Inna Vdovychenko provides humanitarian aid to Jews in Odesa through the American Jewish Joint Distribution Committee, or JDC. Last week, a mass drone attack on Odesa knocked out power, leaving some 90,000 people in the dark and shutting off their heating as temperatures fell below 20 degrees Fahrenheit. Two Jews had their doors and windows blown out, said Vdovychenko.
She works to meet the community’s basic needs, such as evacuations from the most dangerous areas, deliveries of food, medicine and other crucial supplies and help surviving the harsh winters and searing summers without electricity. But she said that people also need “food for the soul” — a place to gather for Shabbat, a kitchen to bake challahs, a group to join in cleaning the local Jewish cemetery.
Odesa is a historically Jewish city, home to movements like the Jewish Enlightenment and modern Hebrew literature. On the eve of World War II, every third person in Odesa was Jewish. Today, after the Holocaust and decades under a Soviet regime that repressed Jewish identity, the city’s Jewish population is estimated at about 1%.
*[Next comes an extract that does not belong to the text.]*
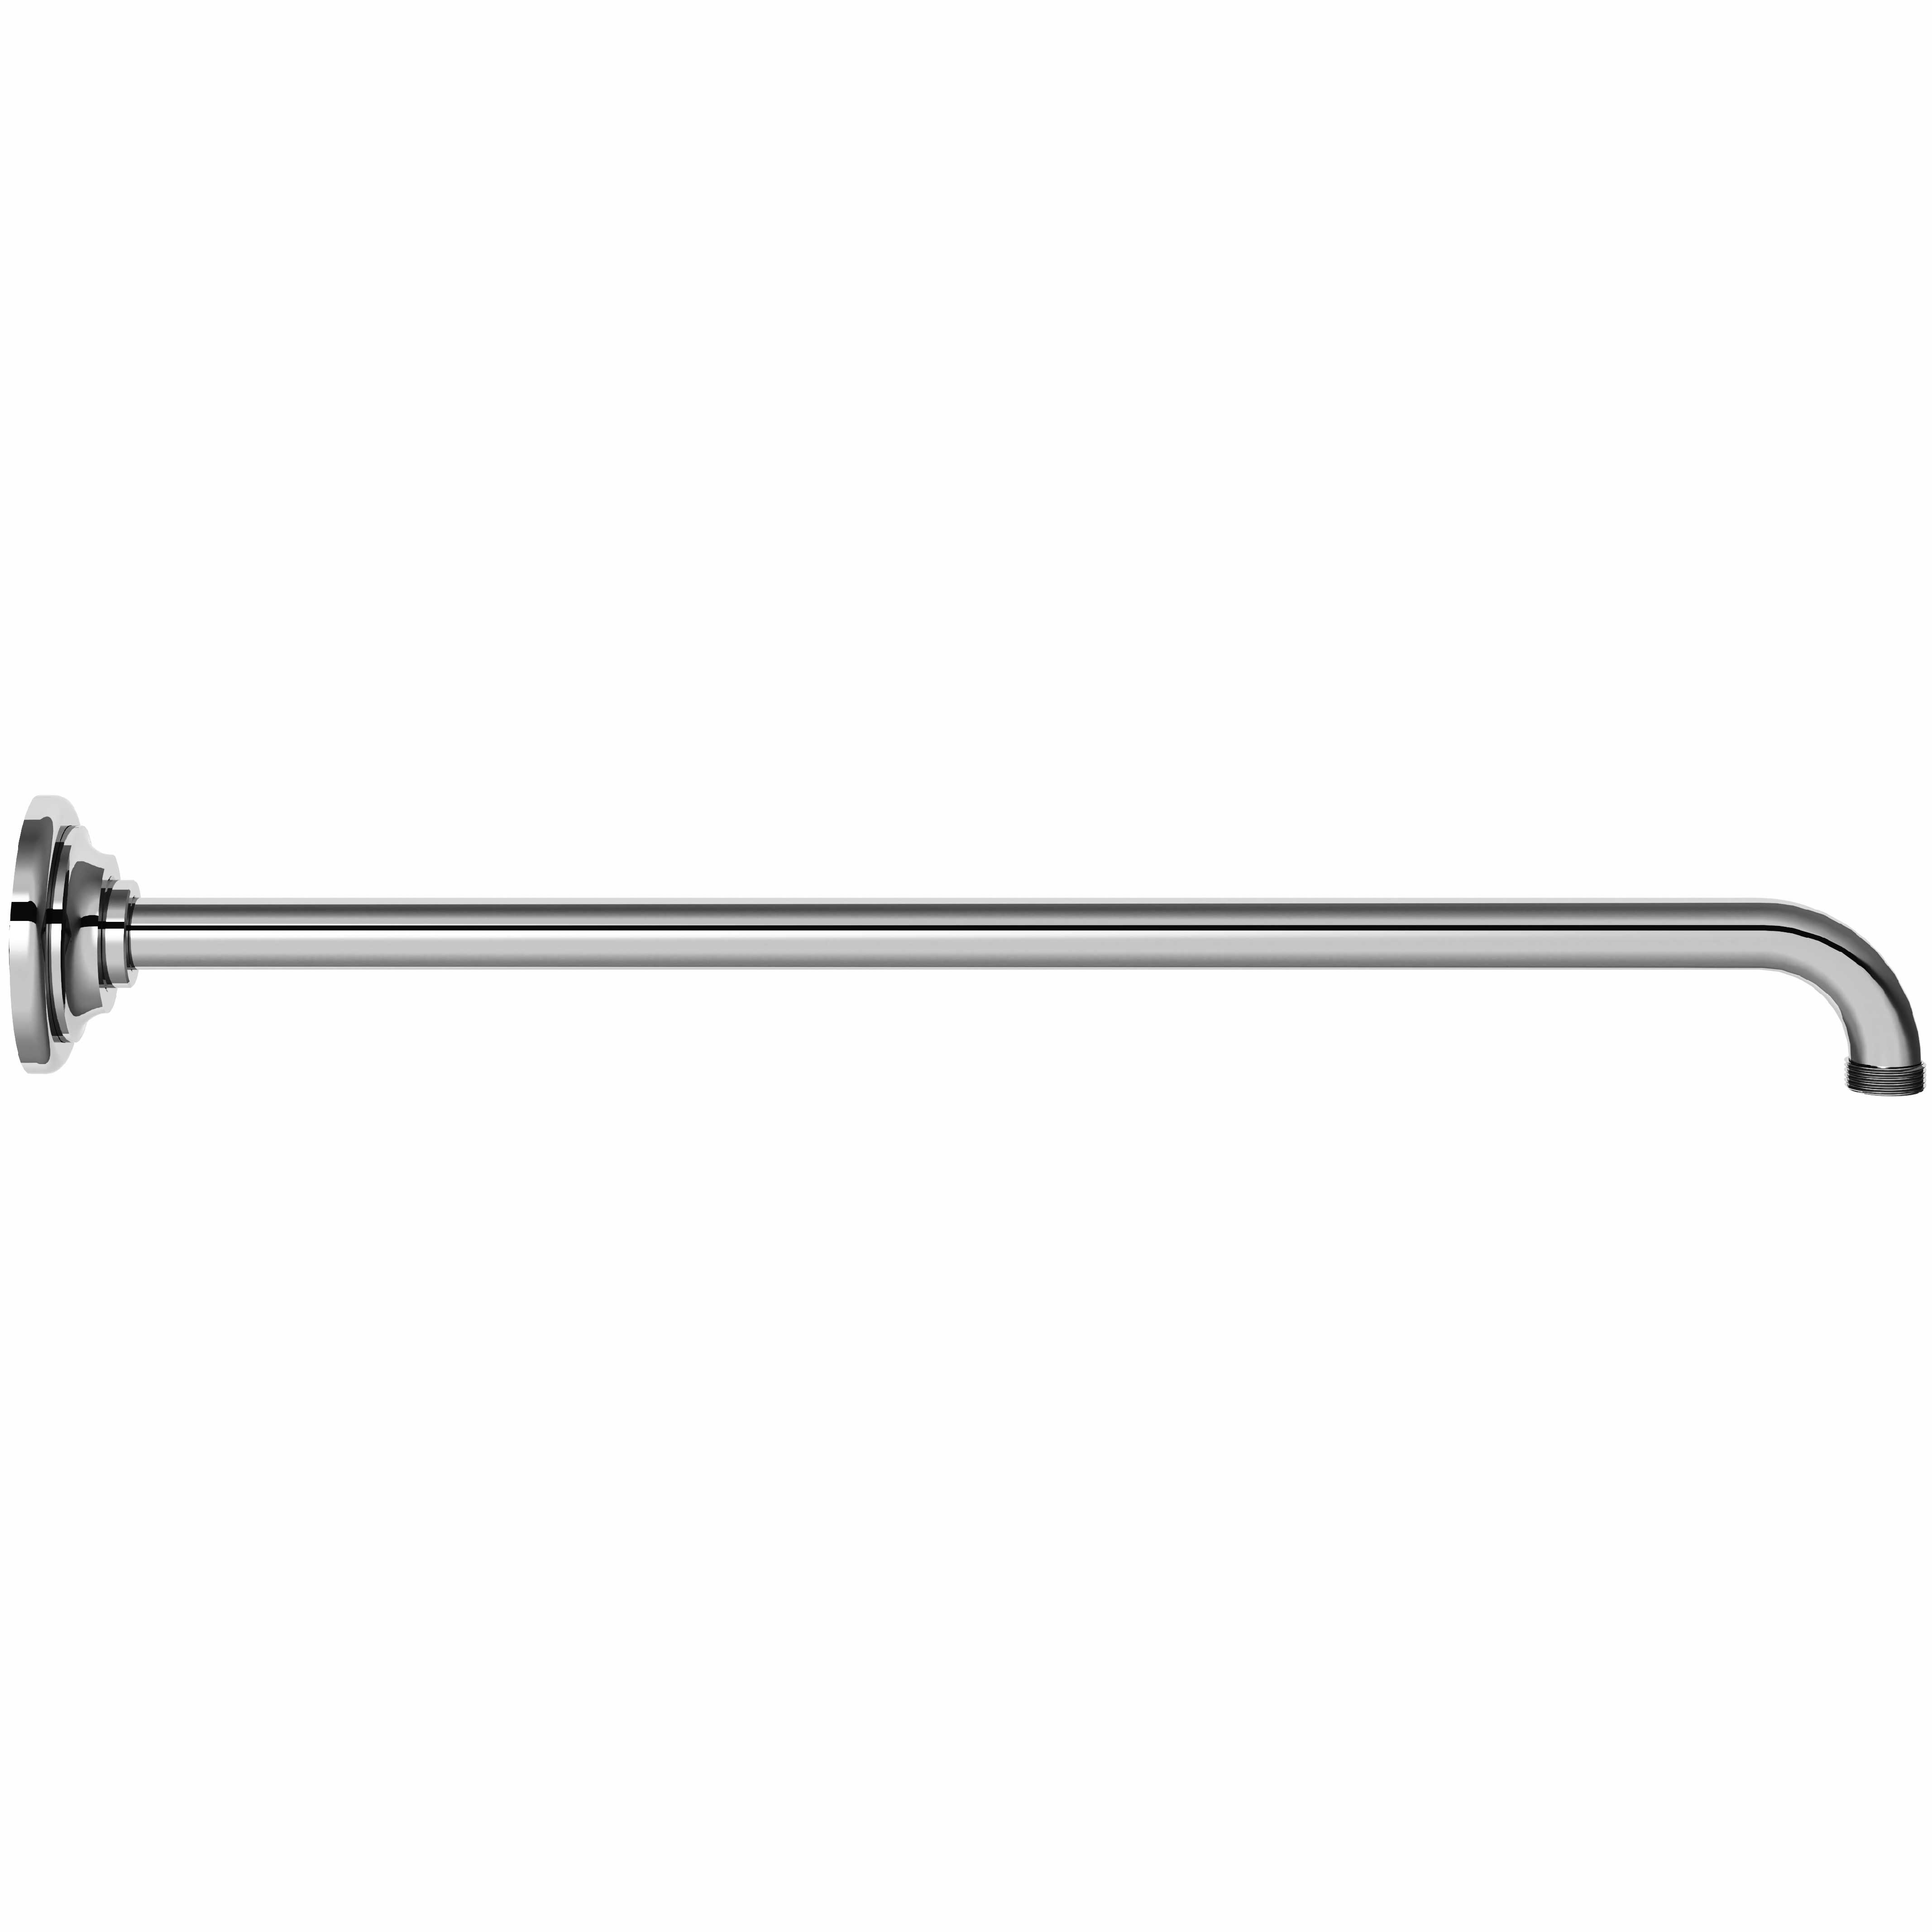 M01-2W450 Wall mounted shower arm 450mm

As Ukrainian Jews are once again internally displaced by war, many feel it’s especially important to connect with the Jewish community wherever they are, said Vdovychenko.
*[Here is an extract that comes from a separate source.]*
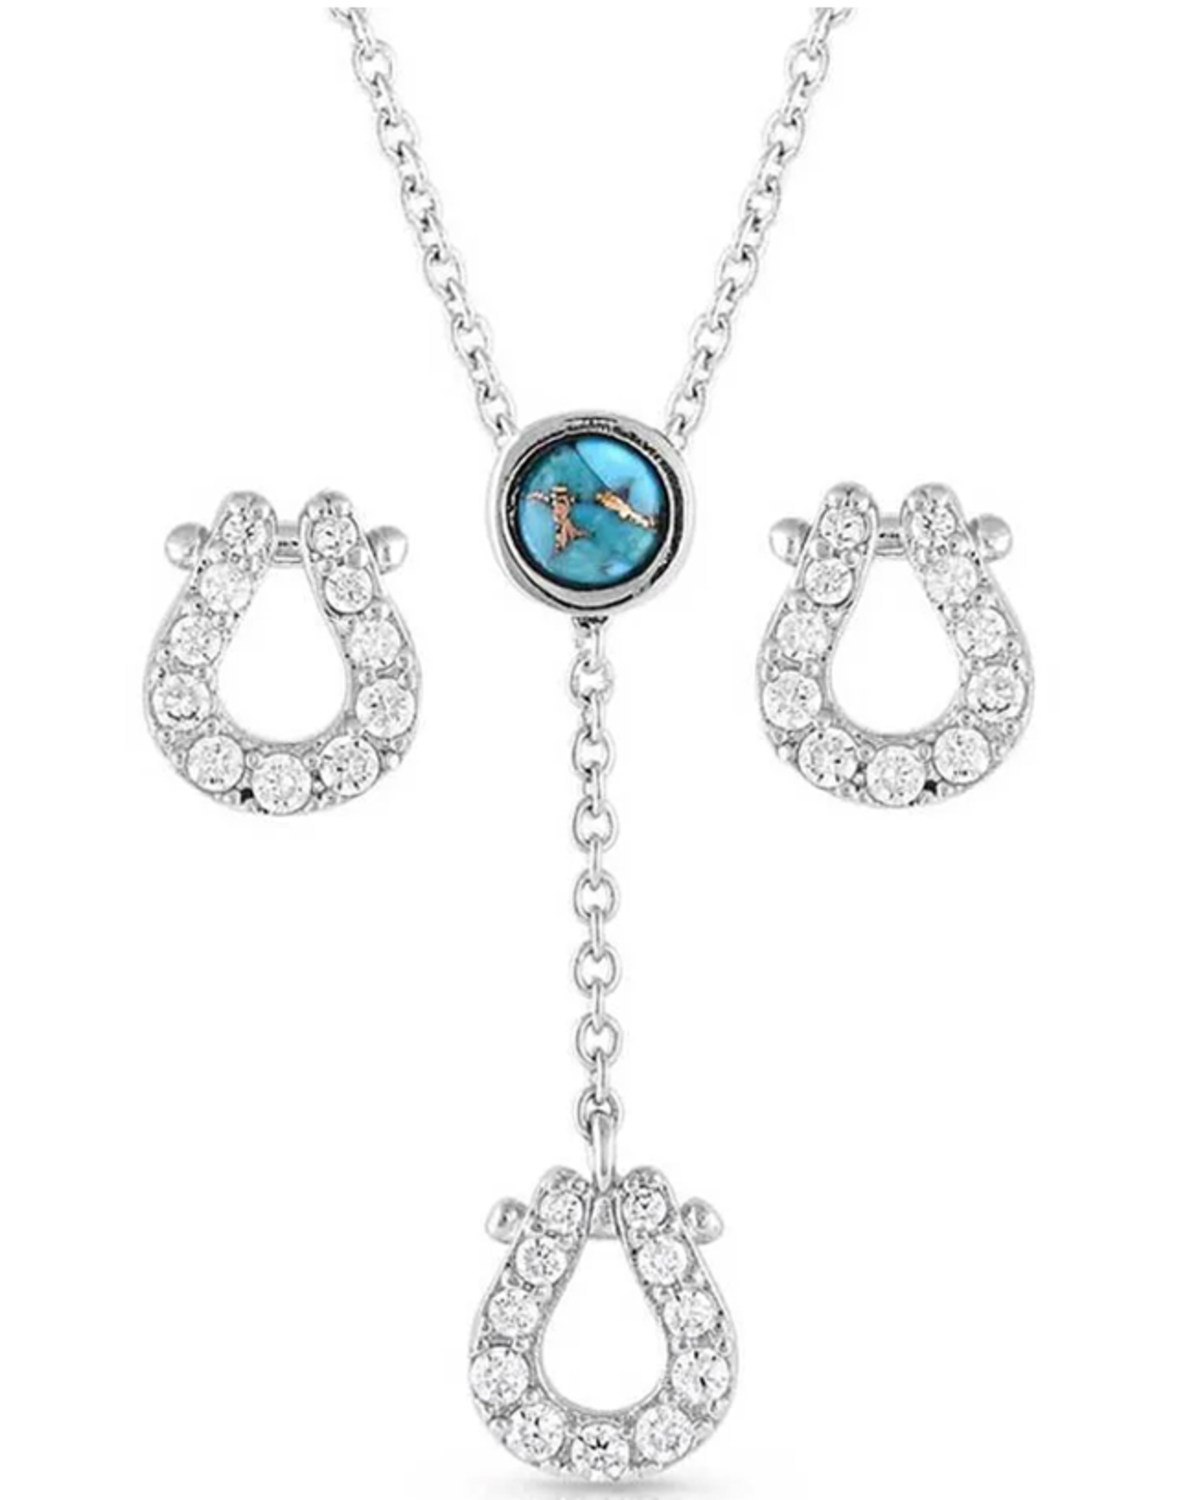 Montana Silversmiths Women's Infinite Luck Turquoise Stone Earring & Necklace Set - 2-Piece

Russian is traditionally the dominant language of Odesa, as in many other parts of Ukraine. But over the last three years, many Jewish and non-Jewish Ukrainians have switched to Ukrainian. A poll from the sociological group Rating found that 28% of Ukrainians said they exclusively spoke Russian at home in late 2021. By 2024, that number fell to 12%.
“We’ve never spoken Ukrainian a lot here, except for those who would come here to study or commute here for a job,” said Vdovychenko. “Now, I talk to our young people — they switched to Ukrainian. They think that this is their identity.”
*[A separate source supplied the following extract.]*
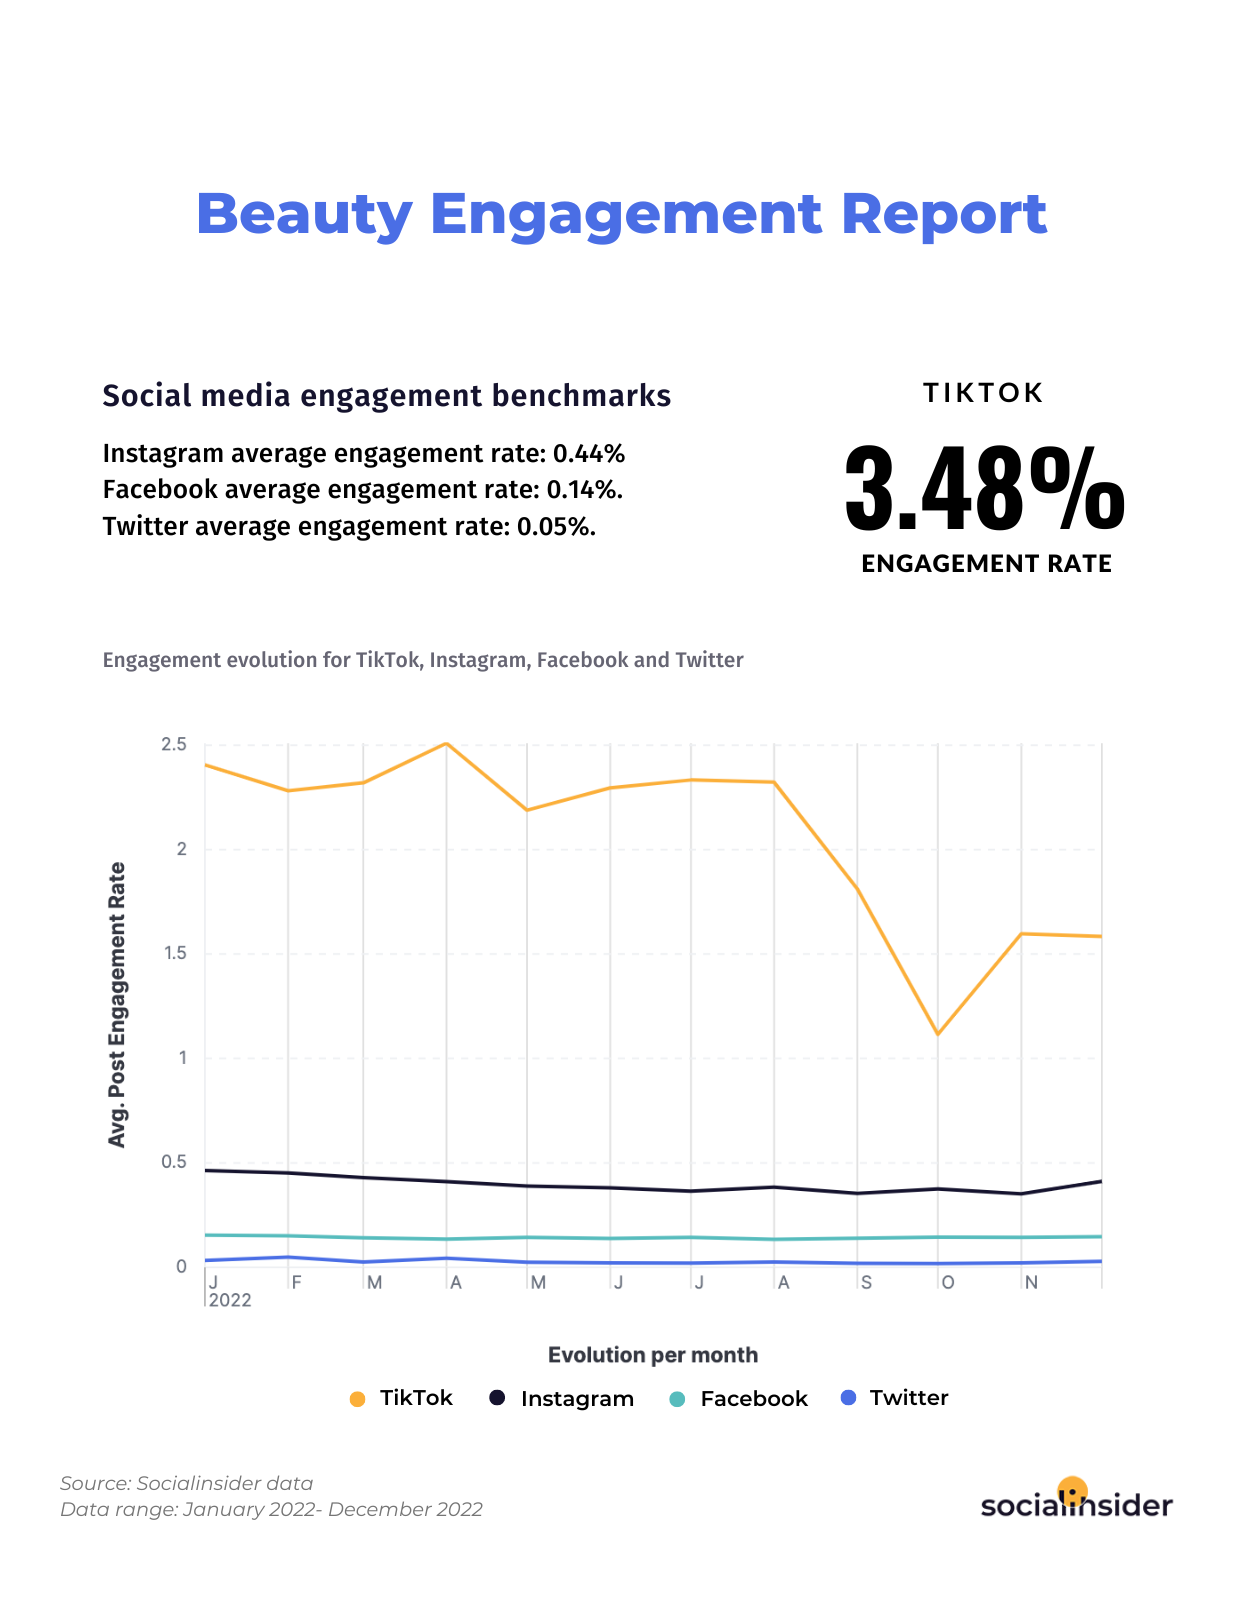 Here you can see 2023 social media engagement benchmarks for beauty brands.

The Russian language’s grip over Jewish life in Ukraine has deep historical roots. In the 19th century Russian Empire, Jews living in present-day Ukraine typically spoke Yiddish and Russian. Ukrainian was perceived as a peasant language, neither associated with high culture nor conferring economic advantages. After the Holocaust, Yiddish declined and Russian became the language of the Soviet Union.
Now, Gritsevskaya’s prayer book, or siddur, joins a wave of other efforts to translate Jewish texts into Ukrainian. On Passover in 2023, Ukrainian Jews could read the Haggadah — the holiday’s core text — in Ukrainian for the first time. Thousands of Ukrainian copies of Tehillim, the Hebrew Book of Psalms, are also in circulation. Volunteers have delivered palm-sized copies to Jewish soldiers on the front lines, along with food, generators and protective gear.
Meanwhile, translators are drafting the first Ukrainian translation of the Torah, expected to be printed later this year.
Russia’s invasion, launched with President Vladimir Putin’s claims that Ukrainians and Russians are “one people,” had the opposite effect of strengthening Ukrainians’ national identity. It had the same effect on the identity of many Jews — especially after Putin said he aimed to “denazify” Ukraine, according to Mark Levin, head of the National Coalition Supporting Eurasian Jewry.
“Ukrainian Jews were looking around saying, ‘Wait a minute, we have a Jewish president. We’ve had a Jewish prime minister. There was a Jewish defense minister,’” said Levin. “When Putin and other Russian government officials question Zelensky’s Jewishness, in a sense, they’re questioning the Jewishness of all Ukrainian Jews.”
Shifting to the Ukrainian language is easiest for the youngest among Ukraine’s Jews. When Gritsevskaya introduced the children’s siddur in her Jewish educational camps, she said the counselors wept with pride. But for the children, farther removed from Soviet rule and the pressures of the Russian language, it was natural to see their prayers in Ukrainian.
“With the children, it’s definitely much easier for them to use the Ukrainian language and Ukrainian text,” said Gritsevskaya. “It’s something that they can read by themselves and relate to, which makes it very important.”